The query returns results of the following form:

{ "entities": [ { "text": "Steve Jobs", "type": "PERSON" }, { "text": "Steve Wozniak", "type": "PERSON" } ] }

If no match is found, the following JSON object is returned:

{ "entities": [] }

Entity disambiguation

Knowledge Graph entities query provides context-based entity disambiguation. Based on the entity text provided and optional context text, disambiguation identifies unique entities and returns a list of the entities ranked based on the context information.

An entity disambiguation query is requested by specifying "disambiguation" as the value for the "feature" : field in the knowledge graph query object.

For example, disambiguating the entity text Steve in the context of iphone could result in Steve Jobsand Steve Wozniak being returned.

Entity similarity

Knowledge Graph entities query provides context-based entity similarity detection. Based on the entity text provided and optional context text, similar_entities identifies unique entities and returns a list of the entities ranked based on the context information.

An entity similarity query is requested by specifying "similar_entities" as the value for the "feature" : field in the knowledge graph query object.

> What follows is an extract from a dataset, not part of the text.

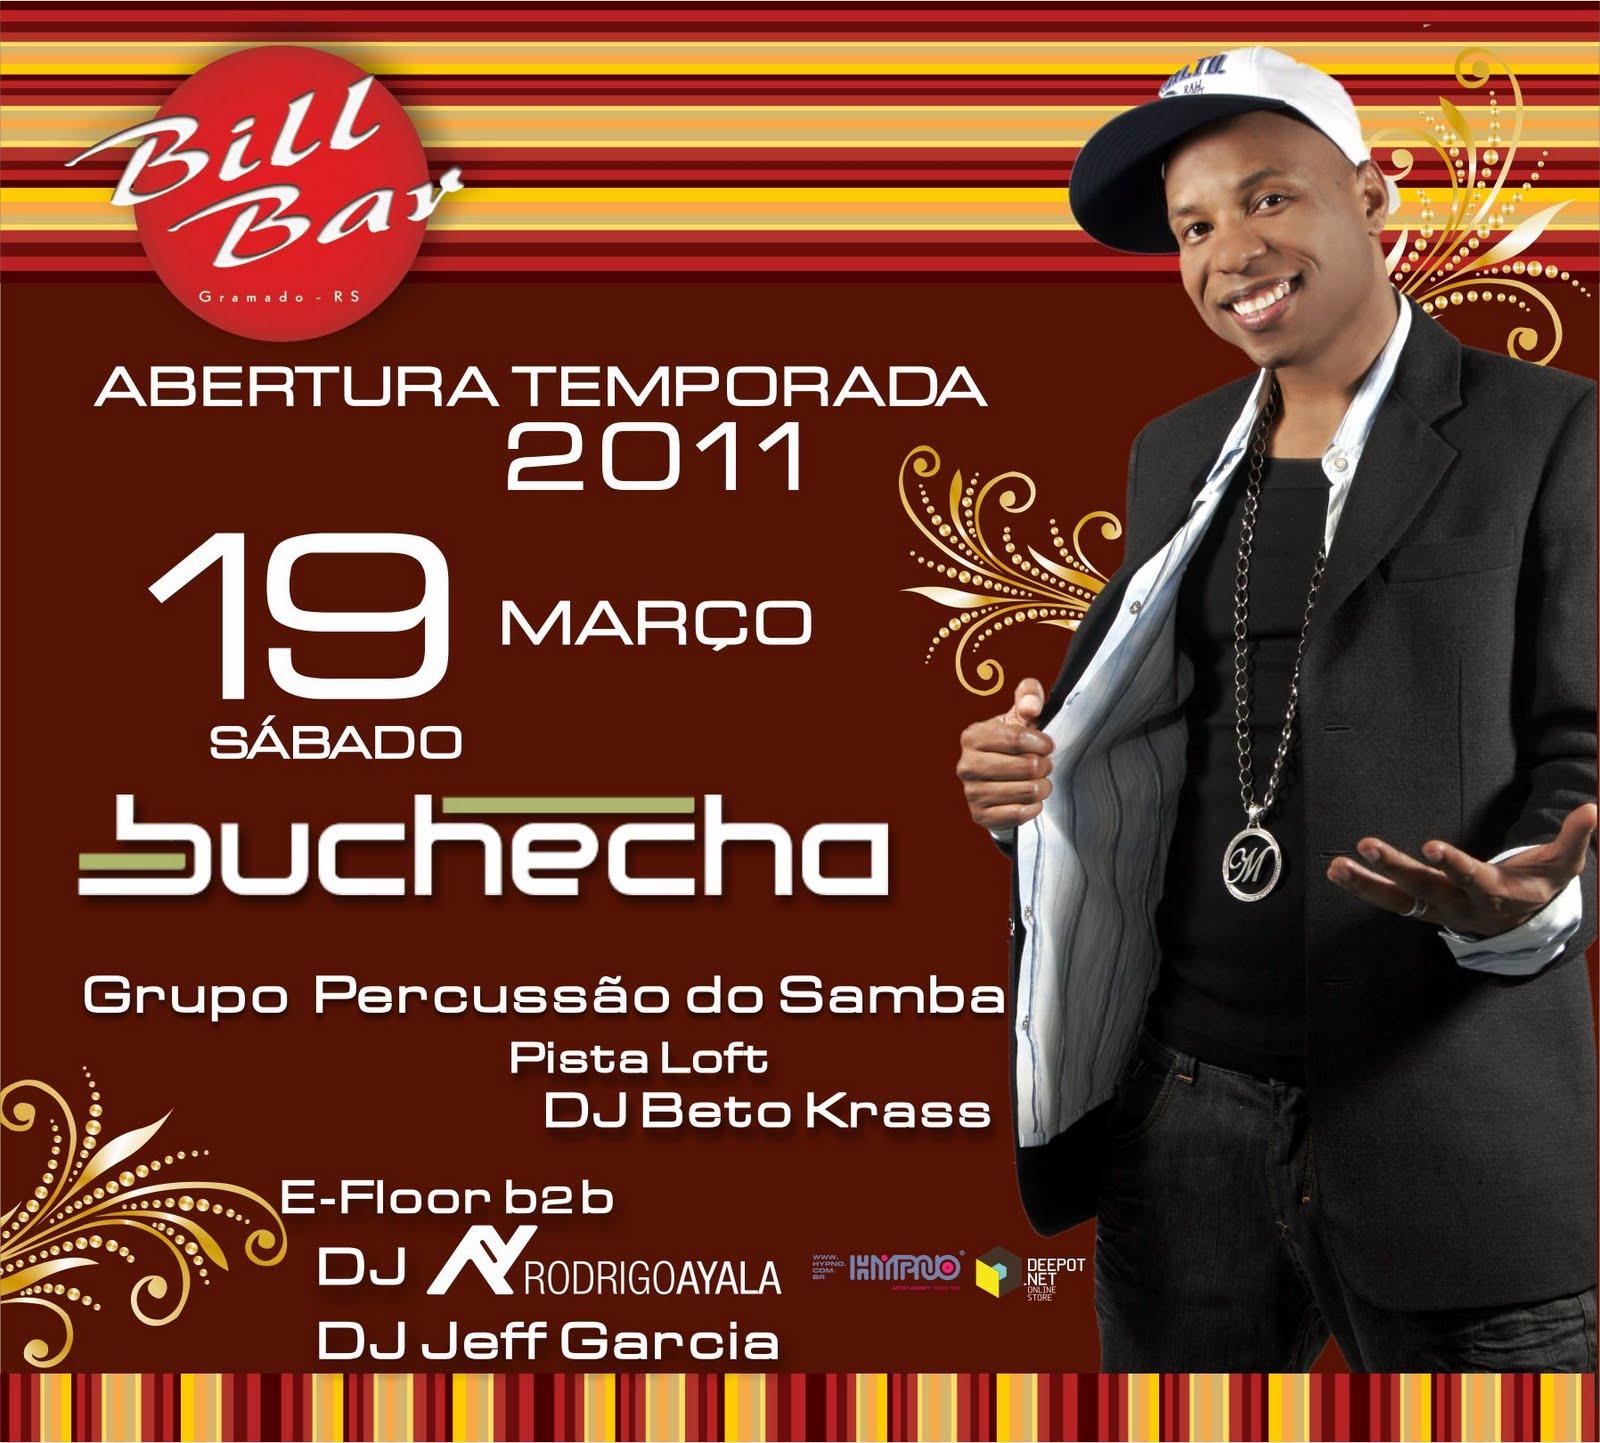 To Da Loos November 2011: Phosphoros Novas Ideias: Buchecha é A Atração Da Abertura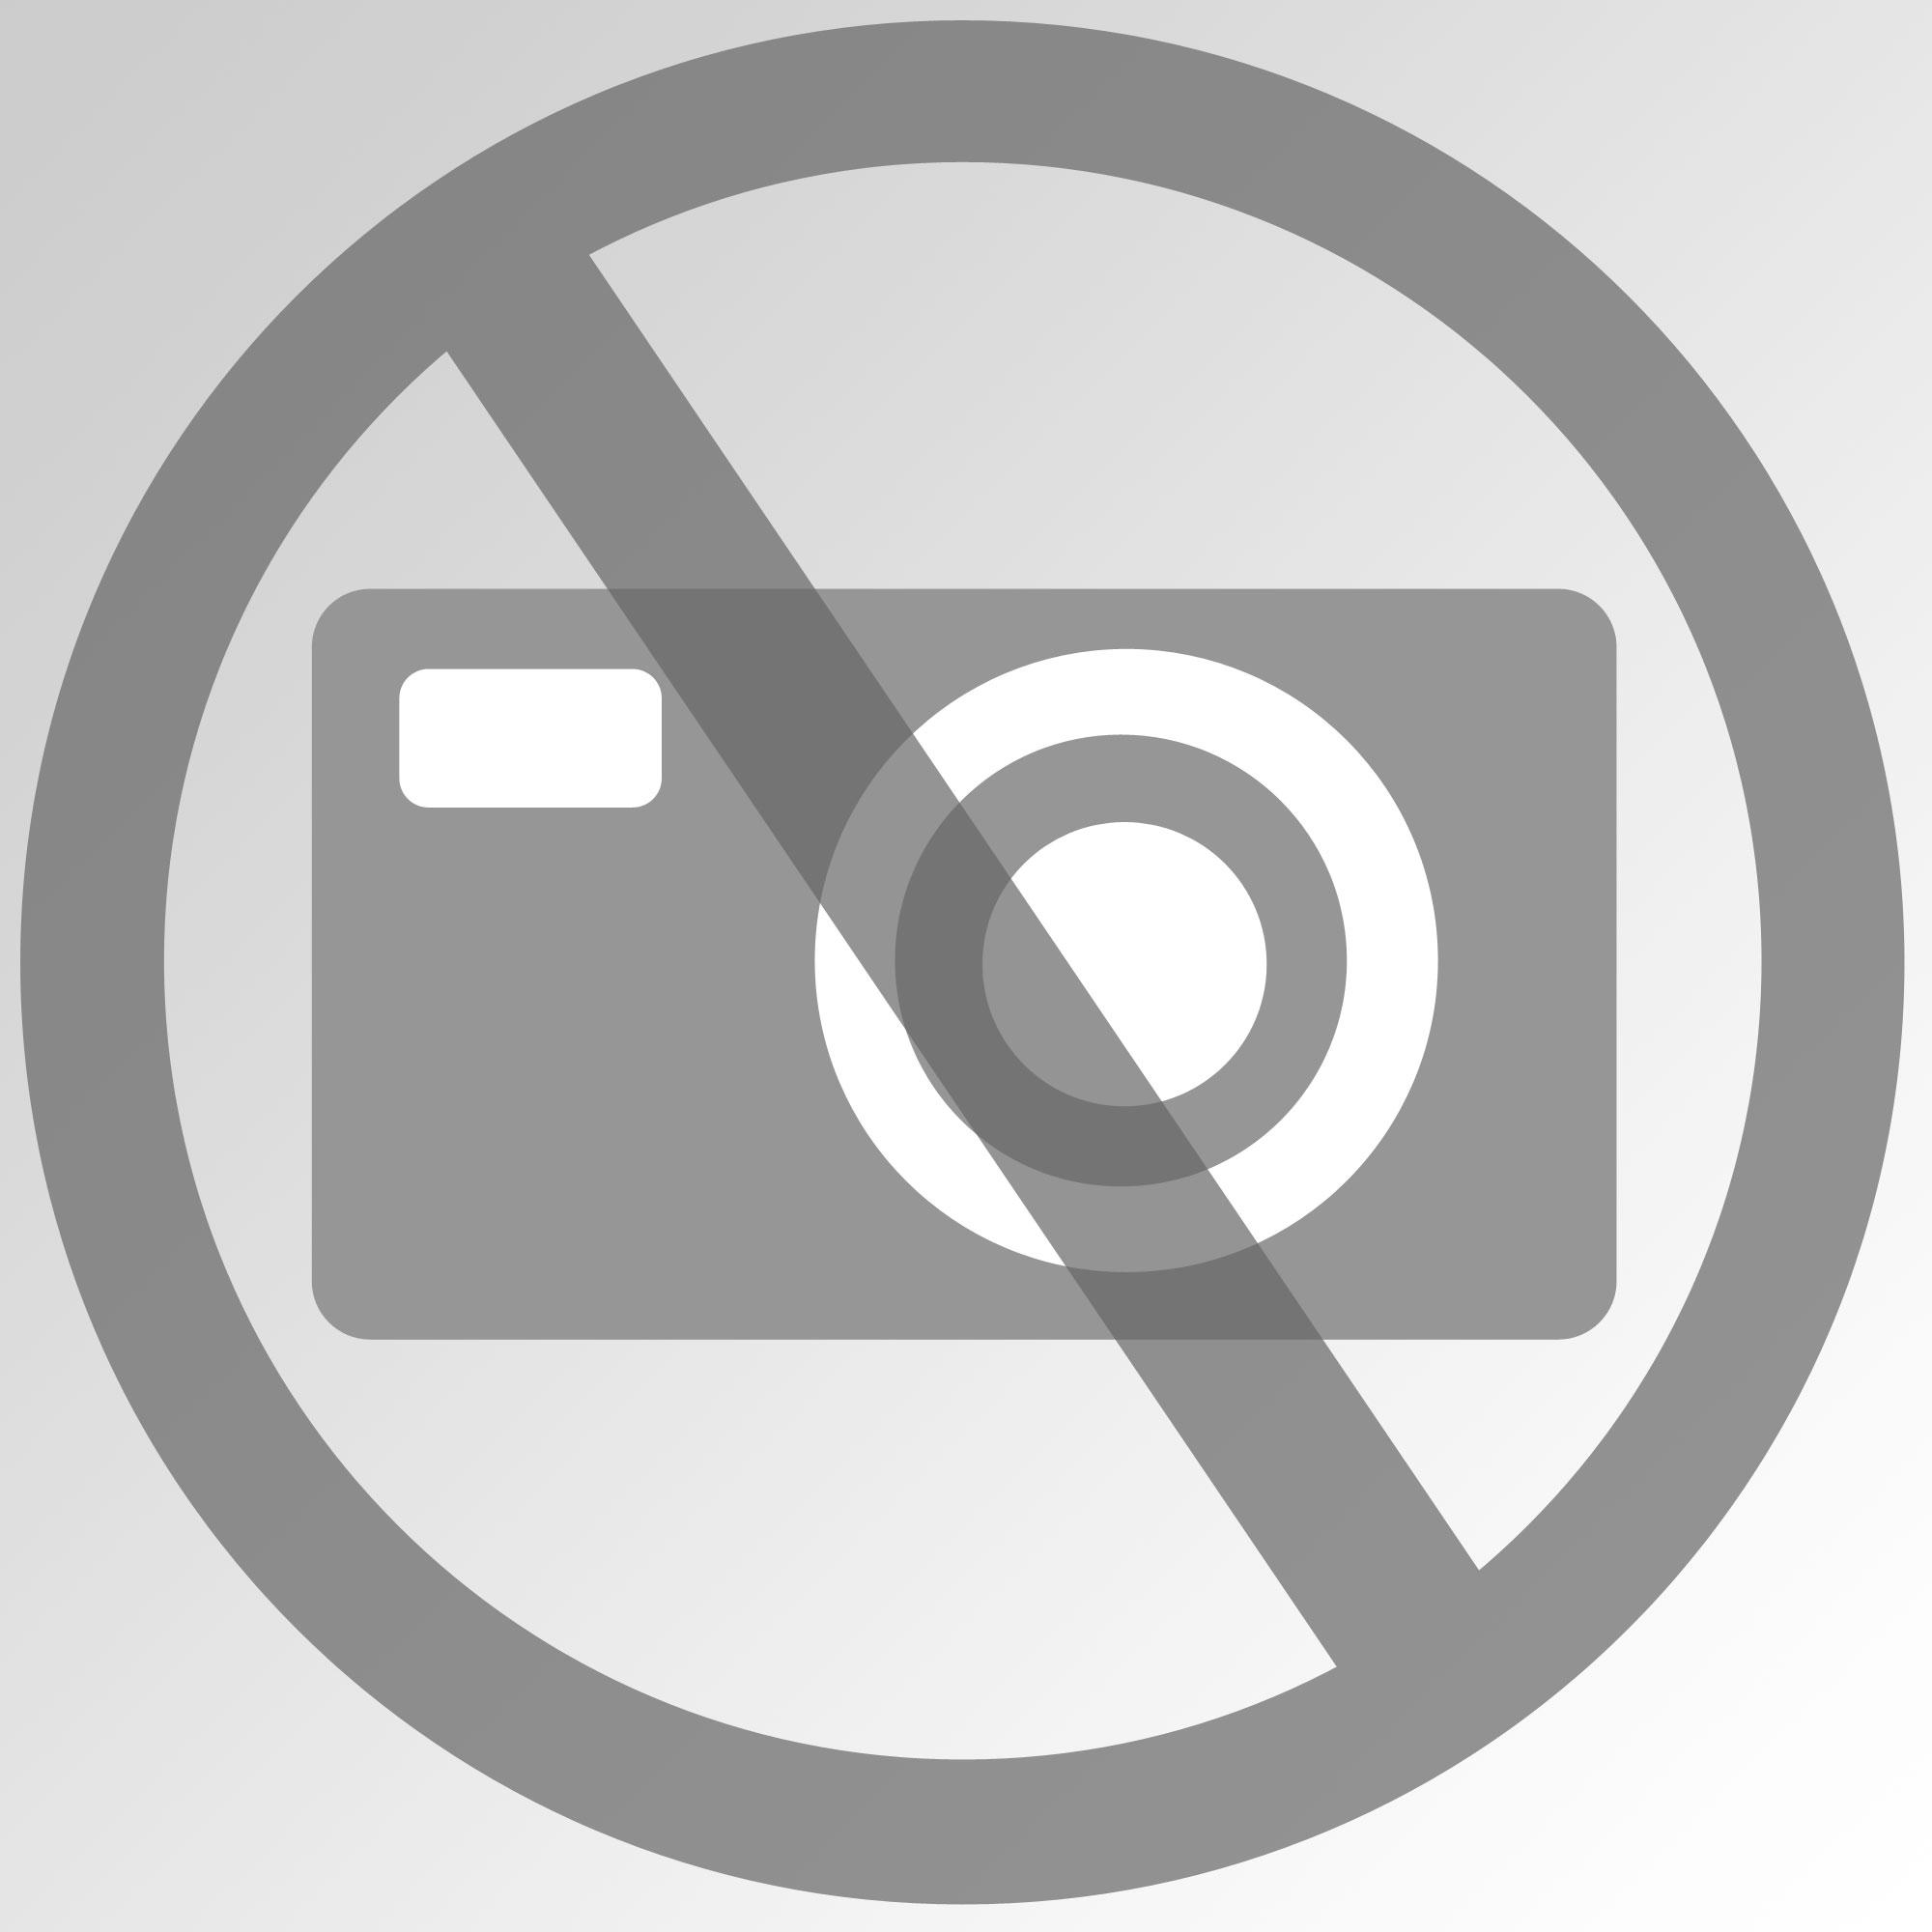 H1-HA Handtuchrollenspender schwarz/schwarz, Autocut-System

For example, if you looked for similar entities to Ford in the context car, similar entity results could include GM, Toyota, and Nissan.

Relations queries

Knowledge Graph relations queries supports finding most relevant relationships based on input entities using implicit entity disambiguation, context based relationships, sorting by relevance score and mention count, and filtering by types and document ids.

You can query relations using the API, or with the Discovery tooling. See Querying Knowledge Graph using the Discovery tooling for tooling information.

A Knowledge Graph entity query is performed by POSTing a JSON object to the v1/environments/{environment_id}/collections/{collection_id}/query_relationsendpoint. The Knowledge Graph relations query JSON object takes the following form:

{ "entities": [ { "text": "Steve Jobs", "type": "PERSON", "exact": true } ], "context": { "text": "iphone" }, "sort": "score", "filter": { "relation_types": { "exclude": ["colocation"], "include": ["locatedAt", "employedBy", "managerOf", "founderOf"] }, "entity_types": { "exclude": ["EVENT"], "include": ["PERSON", "GPE", "ORGANIZATION"] }, "document_ids": ["b95df4c1-d00f-4771-abb2-a52baea0444a", "ad340635-bf3e-47a5-bea5-5e778f600c32"] }, "count": 10, "evidence_count": 0 }

• "entities": [] required - an array that contains the entities that relationships will be queried. All neighbor relationships are returned if only one entity object is defined. When more than one entity object is defined, mutual pairwise relations are returned. Mutual pairwise relations return the direct relations between the input entities rather than the relations with all entity neighbors. Each entity object contains:
  • "text": string required - the entity text.
  • "type": string optional - the optional entity type. This field is required if "exact" is true.
  • "exact": boolean optional - If false, implicit disambiguation is performed. Implicit disambiguation will use the top one disambiguated entity for each input entity object. The default is false.
• "context": {} optional - an optional object that includes contextual requirements.
  • "text": string optional - Entity text to provide context for the queried entity and rank based on that association. For example, if you wanted to query the city of London in England your query would look for London with the context of England. Input can be partial names or large passages containing relevant entity terms. Multiple terms can be passed together.
• "sort": string optional - the sorting method for the relationships, can be score or frequency. The default is score. score is based on relevance of relations and neighbors to the input entity and relevance to context if context is provided. frequency is the number of unique times each relation is identified.
• "filter": {} optional - an object containing the relation types, entity types, and specific documents to filter by for this query. By default nothing is excluded.
  • "relation_types": {} optional a list of relation types to filter.
    • "exclude": [] optional a comma separated list of relation types to exclude from the query.
    • "include": [] optional a comma separated list of relation types explicitly include in the query. If specified, all other types are considered excluded.
  • "entity_types": {} optional a list of entity types to filter neighbors. Not applicable for multi entities input because no new neighbor is returned.
    • "exclude": [] optional a comma separated list of entity types to exclude from the query.
    • "include": [] optional a comma separated list of entity types explicitly include in the query. If specified, all other types are considered excluded.
  • "document_ids": [] optional a comma separated list of documents on which to perform the relationship query on.
• "count": INT optional The number of relations to return. The default is 10. The maximum is 1000.
• "evidence_count": INT optional The number of evidence instances to return for each identified relation. The default is 0. The maximum value for the evidence_count field is 10,000 divided by the number specified in the count field. See the Evidence section of this page for a detailed description and examples.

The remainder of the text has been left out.